Thursday, January 12, 2023

Case Study 2: How Can a Wellness Technology Company Play It Smart?

This is the second of two case studies I completed for the Google Analytics Certificate. For this case study, I am a junior data analyst working for Bellabeat, a high-tech manufacturer of health-focused products for women. To successfully complete this study, I will need to answer key business questions by following the steps of the data analysis process.

Urška Sršen, the co-founder and Chief Creative Officer of Bellabeat, believes that analyzing smart device fitness data can help the company unlock new growth opportunities. I have been tasked to investigate some FitBit Fitness Tracker Data, a public domain dataset available through Mobius. This data set consists of personal fitness tracker data from thirty Fitbit users. There is minute-by-minute data on their tracked activity, including physical activity, heart rate, sleep monitoring, and daily steps. Ms. Sršen hopes that my analysis of non-Bellabeat smart device data will provide insight into how consumers use these devices.

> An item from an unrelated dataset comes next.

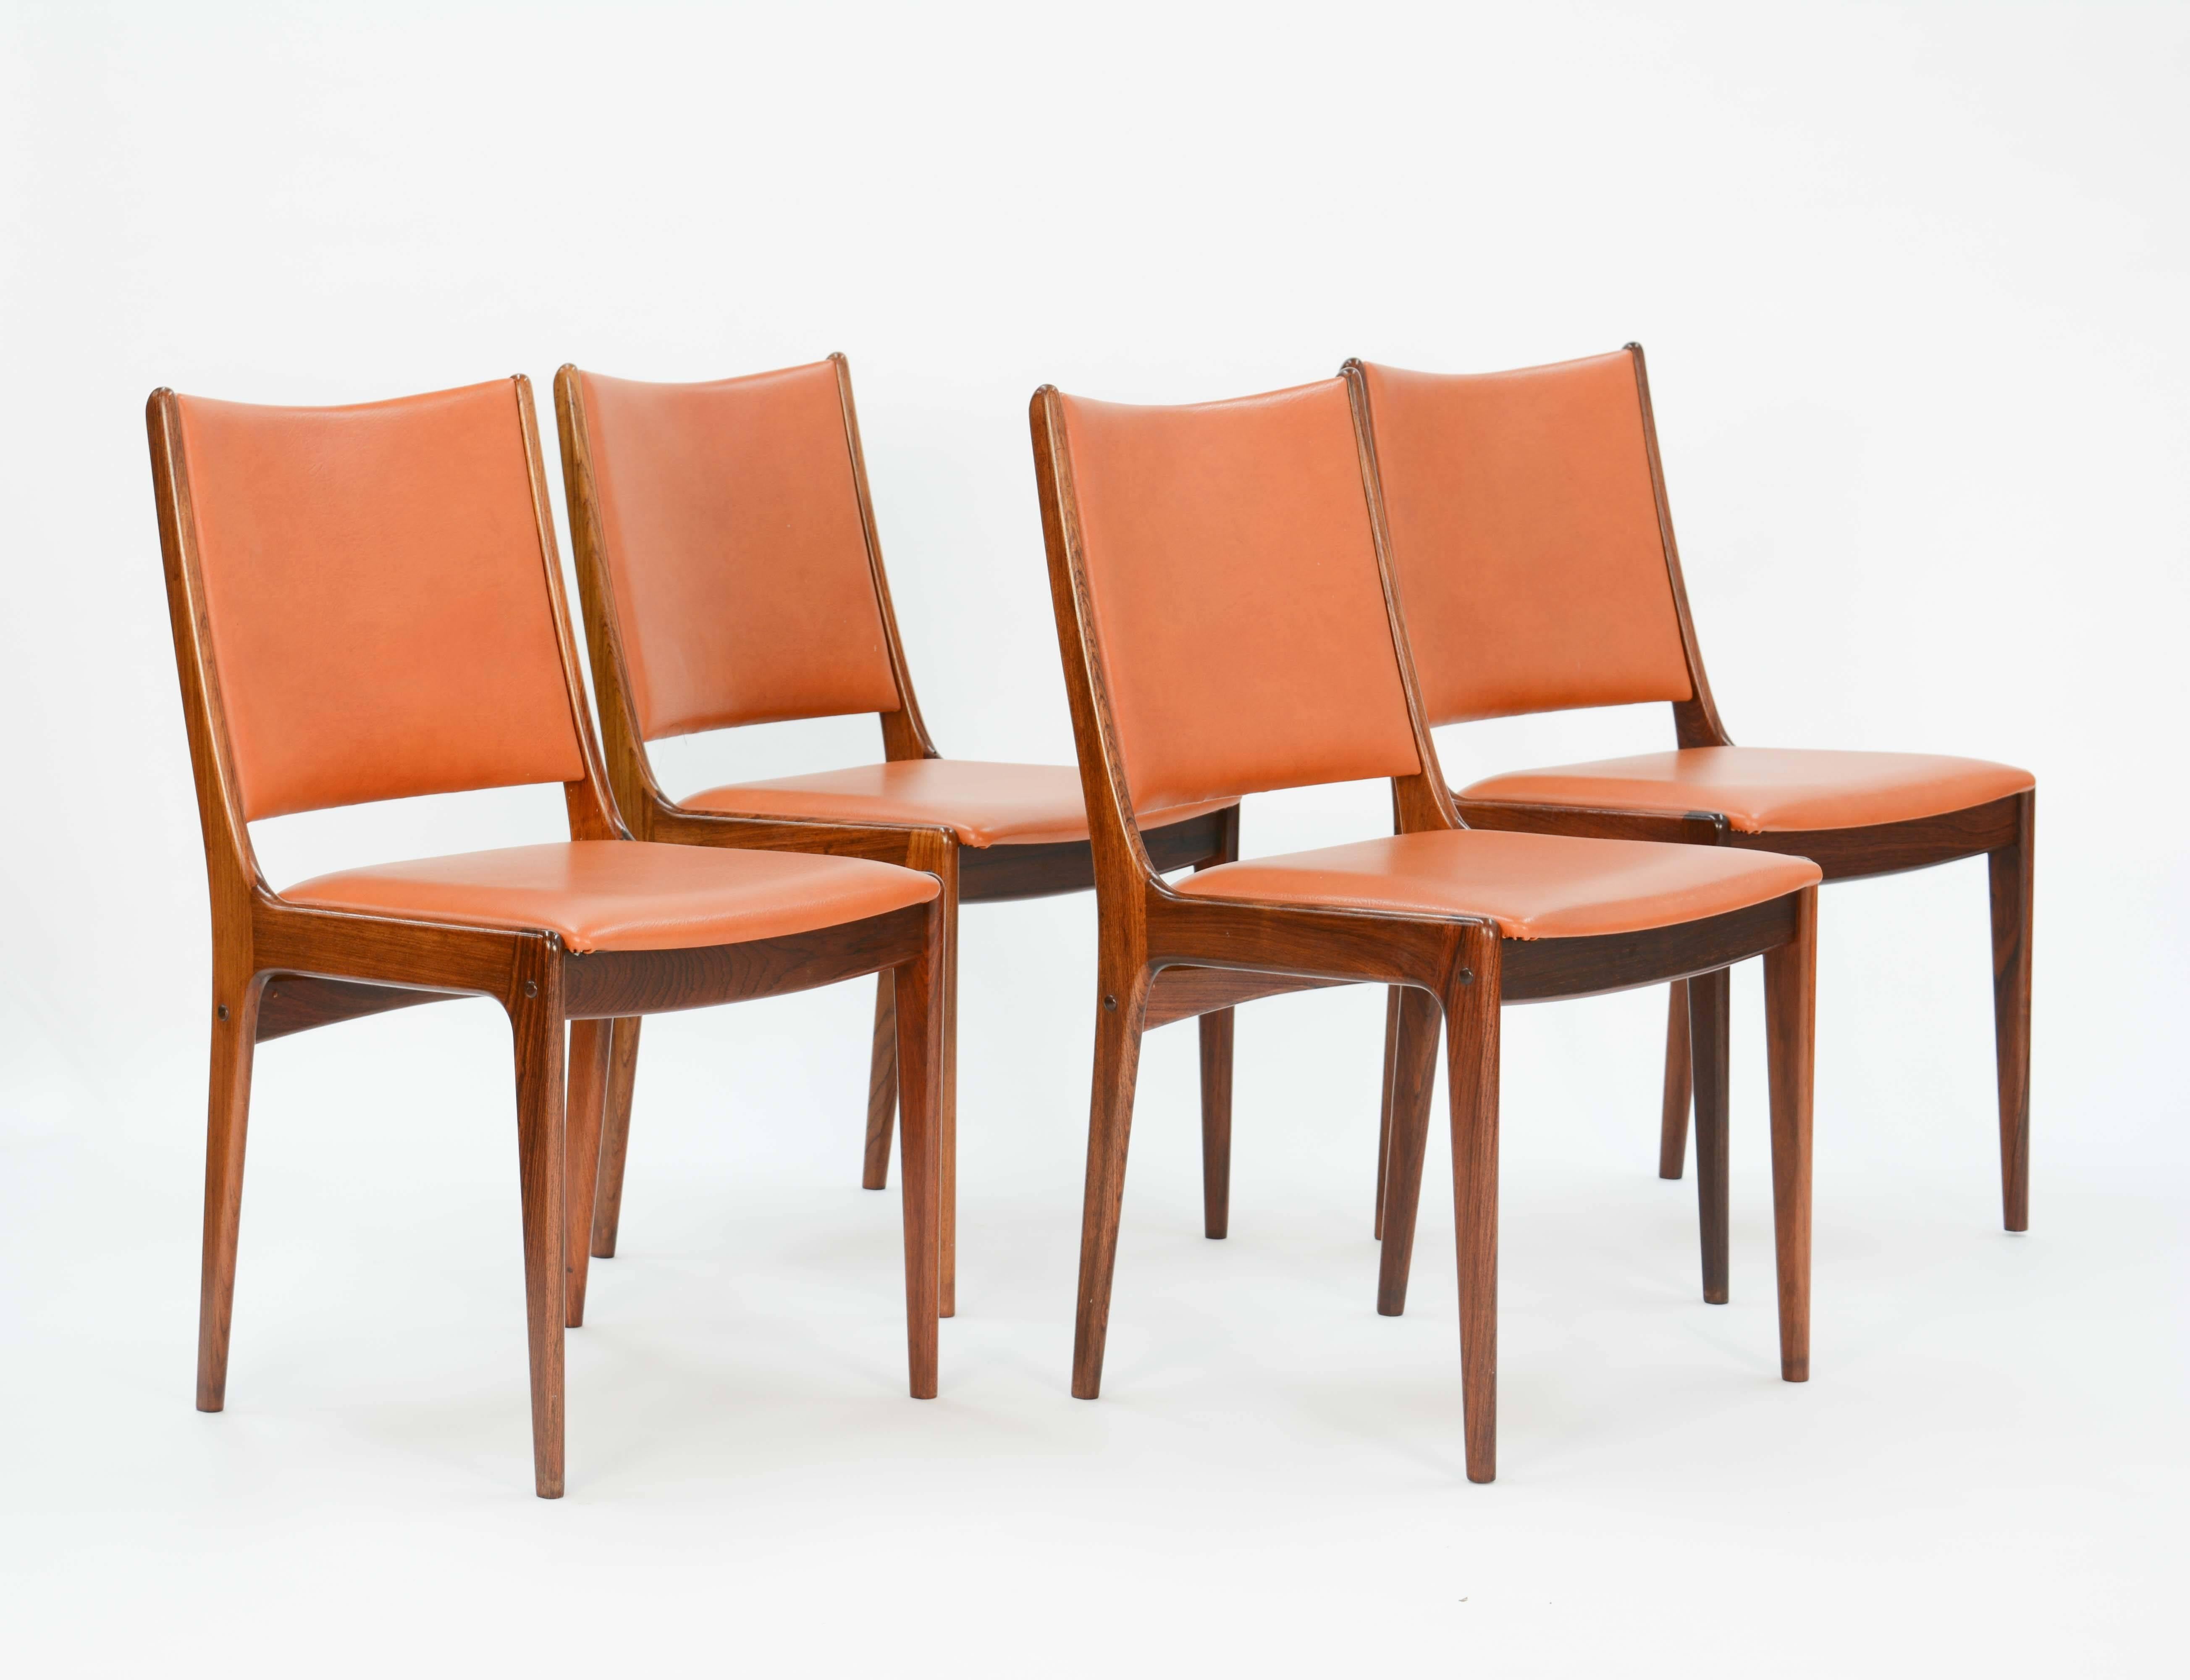 Mid-20th Century Set of Four Rosewood Side Chairs by Johannes Andersen for Uldum Møbelfabrik

Specifically, Ms. Sršen wants the following 3 questions to guide my analysis:

  1. What are some trends in smart device usage?
  2. How could these trends apply to Bellabeat customers?
  3. How could these trends help influence Bellabeat's marketing strategy?

The business task

The ultimate goal of my analysis is to help guide the marketing strategy of Bellabeat as they look to expand their opportunity to grow their market share. My specific task is analyzing FitBit tracker data to see how these consumers use the product. The ultimate goal is to take any insights from this analysis and relate them to Bellabeat's marketing strategy. My immediate supervisor, Urška Sršen, and the Bellabeat executive team are stakeholders.

My data

The FitBit Fitness Tracker Data is an open-source dataset available for download from Kaggle. It is a public-domain dataset. The online location is https://www.kaggle.com/arashnic/fitbit.

While the dataset provides some incredibly detailed data from 33 Fitbit users over 31 days, there are some clear and apparent limitations of the data:

  1. 33 users is a small sample size when identifying general trends for smart device usage.
  2. Bellabeat markets its products to women, but we have no way of knowing how many participants in the Fitbit study were women. Data from male users would be less valuable to us.
  3. The study is dated, taking place in April and May of 2016. 6 years is a long time in an industry constantly growing and innovating.
  4. We can assume the data was unbiased, in that it was collected directly from a Fitbit tracker. Still, we do not know how the 30 participants were selected, nor whether they provided a representative cross-section of the public.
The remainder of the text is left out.